5.6.5 Mapping both local Moran’s I values and p-values

Let us now plot both the local Moran’s I values map and its corresponding p-values map next to each other for effective interpretation.

localMI.map <- tm_shape(hunan.localMI) +
  tm_fill(col = "Ii", 
          style = "pretty", 
          title = "local moran statistics") +
  tm_borders(alpha = 0.5)+
   tm_compass(type="8star",
             position=c("right", "top"))+
  tm_layout(main.title = "Local Moran I spatial distribution",
            main.title.size = 1.5,
            main.title.position = "center",
            main.title.fontface = "bold")

pvalue.map <- tm_shape(hunan.localMI) +
  tm_fill(col = "Pr.Ii", 
          breaks=c(-Inf, 0.001, 0.01, 0.05, 0.1, Inf),
          palette="-Blues", 
          title = "local Moran's I p-values") +
  tm_borders(alpha = 0.5)+
   tm_compass(type="8star",
             position=c("right", "top"))+
  tm_layout(main.title = "Local Moran p value spatial distribution",
            main.title.size = 1.5,
            main.title.position = "center",
            main.title.fontface = "bold")

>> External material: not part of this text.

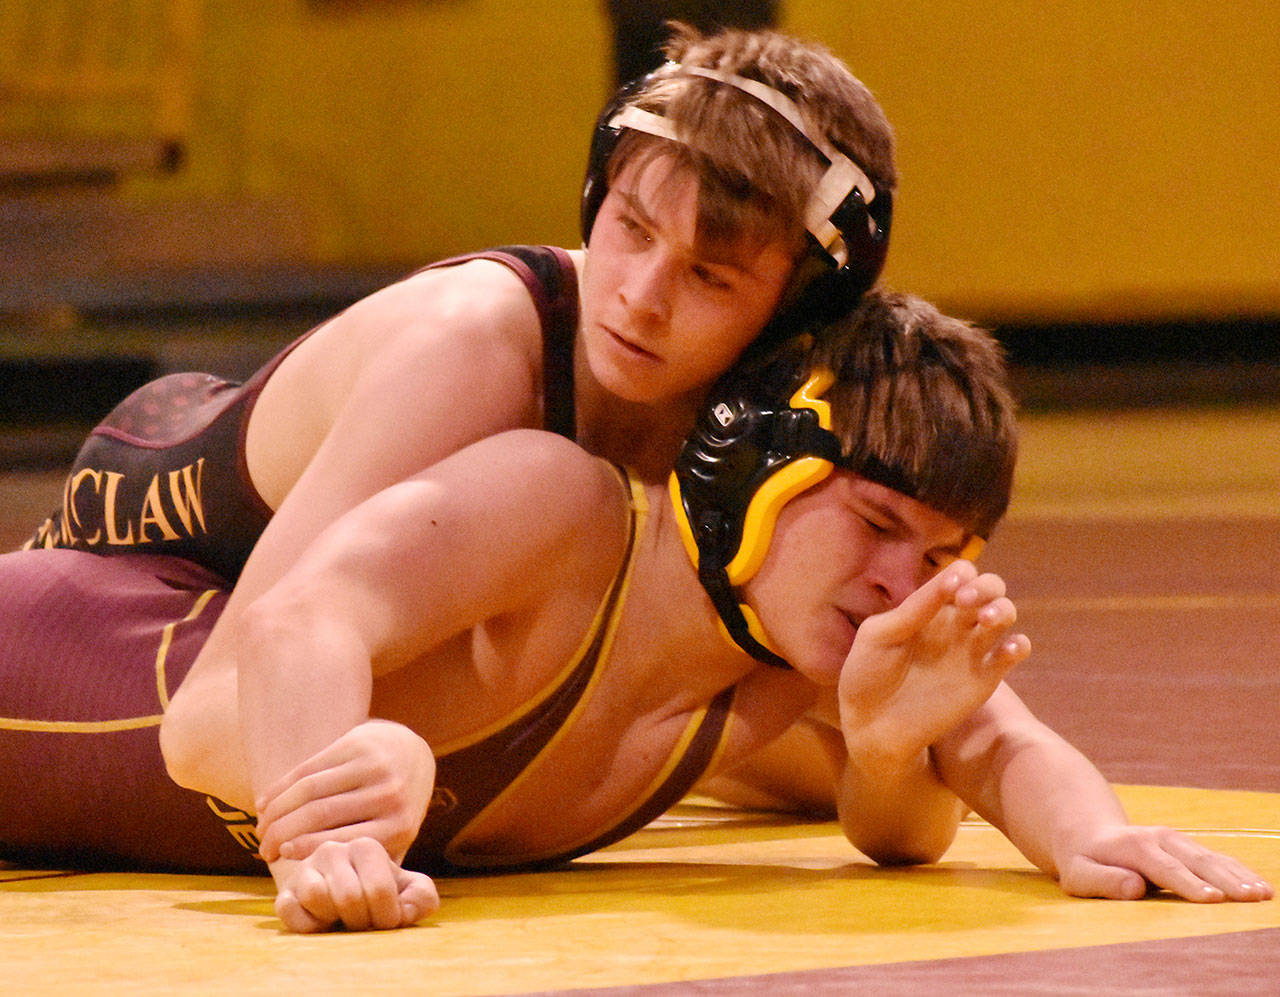 Among the Enumclaw High wrestlers defeating their Thomas Jefferson opponents on Dec. 18 was Cole Bowen, who picked up a major decision at 132 pounds. Photo by Kevin Hanson

tmap_arrange(localMI.map, pvalue.map, asp=1, ncol=2)

Variable(s) "Ii" contains positive and negative values, so midpoint is set to 0. Set midpoint = NA to show the full spectrum of the color palette.

Analysis:

From the left map, we can understand the following

- Cluster - All positive valued region have neighboring features with similarly high or low attribute values

- Outlier - All negative valued regions have neighboring features with dissimilar values

From the right map, we can understand the following

- For every corresponding I value, we can locate the regions which are significant or not.

- Darker the region, higher the significance.

5.7 Creating a LISA Cluster Map

The LISA Cluster Map shows the significant locations color coded by type of spatial autocorrelation. The first step before we can generate the LISA cluster map is to plot the Moran scatterplot.

5.7.1 Plotting Moran scatterplot

The code chunk below plots the Moran scatterplot of GDPPC 2012 by using moran.plot() of spdep.

nci <- moran.plot(hunan$GDPPC, rswm_q,
                  labels=as.character(hunan$County), 
                  xlab="GDPPC 2012", 
                  ylab="Spatially Lag GDPPC 2012")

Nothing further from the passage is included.